Marsh said his congregation soon decided to send the money through organizations rather than putting the money in the hands of local individuals and families.
The inspiration for Salt House’s reparations program was historian Jamer Tisby’s 2020 book “The Color of Compromise: The Truth About the American Church’s Complexity in Racism.”
“Repair is what matters,” Marsh said. “The reason for this is a generational loss, and this money is a reimbursement.”
In an email interview, Tisby told Newsweek that the federal government should be the primary source of reparation funding, but should also pay Christian institutions that benefit directly from slavery. Those who did not benefit from slavery could voluntarily compensate “as a way of loving and serving their neighbors of African descent.”
He continued, “Christian churches and denominations also played a large role in the creation and perpetuation of caste-based chattel slavery – their theology, their enslavement political and social status, and through their passivity, are also involved in Christian racism. “
The injustice done “has not been repaired,” he wrote. “The only question for Christians and churches is whether they will be part of the solution or will continue to ignore the harm.”
The idea of reparations has been around since the Civil War, when the idea came that blacks should be paid back for their unpaid work for centuries and also address racial inequalities in housing, education, and business ownership.
Despite Japanese and Native Americans being paid for historical wrongs, there has never been a federally accepted system of compensation for blacks. Union General William T. Sherman ordered some remaining army mules as well as former slaves to move to 400,000 acres of confiscated Confederate land under a policy called “40 acres and a mule”. However, President Andrew Johnson rescinded the order several years later.
The cause went on for more than a century and the religious community got stuck in the middle. In April 1969, civil rights activist James Forman wrote the “Black Manifesto;” Compiled. A list of demands that included a call for a “Christian white church and Jewish synagogue” to pay $500 million to black Americans.
A month later, on May 4, 1969, Forman disrupted a service at Riverside Church in New York City by walking in front of a mostly white congregation to present the manifesto. The church organist sipped his words, who were playing while most of the pastor and the congregation went outside.
The following September, on the Jewish holy day of Yom Kippur, representatives of the Black United Front called for $10 million at the Banned Israel congregation in Washington, D.C., and “to give the Jewish Church the shackles of white racism and more”. shown for. Capitalist exploitation has strangled his Christian vision.” (He arrived too late in the day to meet any of the members, so the synagogue watchman was reduced to reading his demand).
Videos of nationwide demonstrations and riots that followed the killing of an unarmed black man George Floyd by a white policeman on May 25, 2020 may have changed religious attitudes. In 2021, the Jesuit Conference of Canada and the United States announced that it would raise $100 million to benefit descendants of slaves. Several Episcopal dioceses, including Texas, Maryland and New York, have also announced millions of dollars in grants.
Meanwhile, different congregations were wondering what they could do.
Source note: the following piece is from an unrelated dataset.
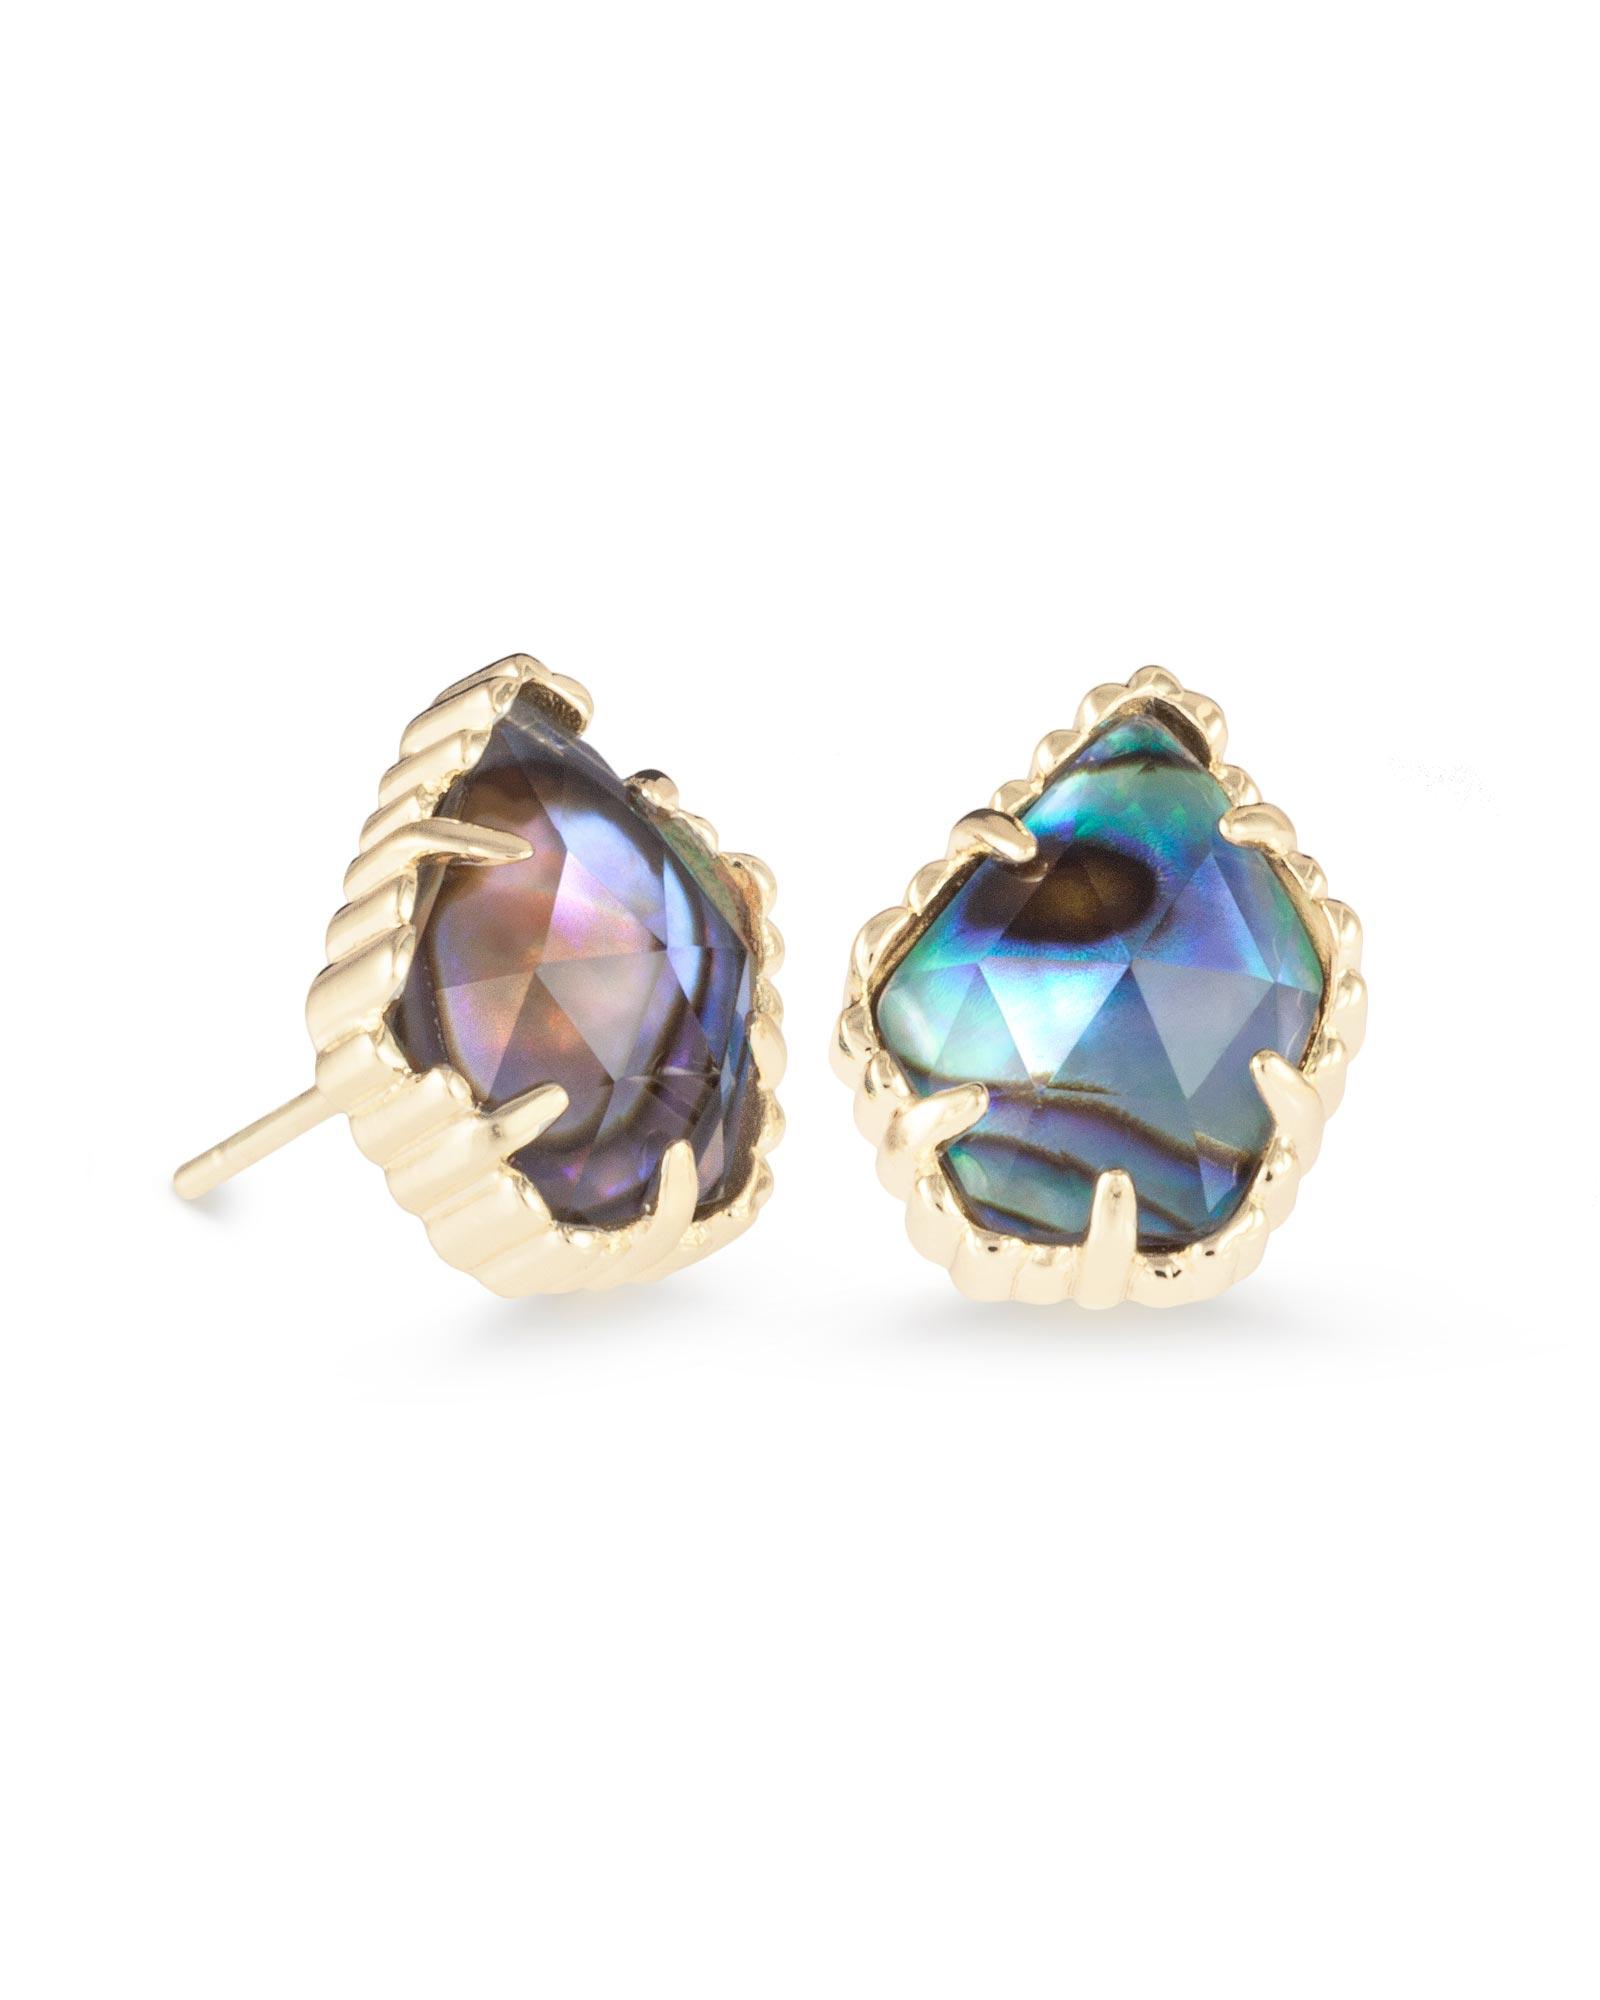 Tessa Stud Gold Earrings in Abalone Shell   Kendra Scott

When the city of Evanston, Illinois, decided to set up a repair fund with money to go toward better housing for blacks, some 100 members of the First United Methodist Church donated $50,000. The 669-member mostly white church has a black pastor, the Rev. Grace Imathieu, who has prioritized the discussion about racism. One of their leaders, Matthew Johnson, said 70 members have already raised $20,000 to donate this year.
“The [federal] The government hasn’t done anything yet,” Johnson said, “so we need to do something at the grassroots level that our country owes to past and future generations of people who have suffered from slavery.”
Last June, 16 congregations – including a Buddhist council, three synagogues, Bahá’ís and various Christian denominations – announced a union to contribute to the city’s fund and cited the Black Manifesto as one of their inspirations. did.
“No amount can adequately compensate for 400 years of systemic subjugation,” it said in a joint statement. “Repair first focuses on formally accepting collective responsibility for past mistakes and their continuing effects.”
First United Methodist Church, Evanston, Ill.
Not everyone is taken in by the idea of religious indemnity. Woolard Lett, of the National Coalition for Blacks for Reparation in America (N’COBRA), said payments such as the interfaith effort in Evanston “are insufficient to repair the damage done to African chattels and slavery and its ongoing remnants.”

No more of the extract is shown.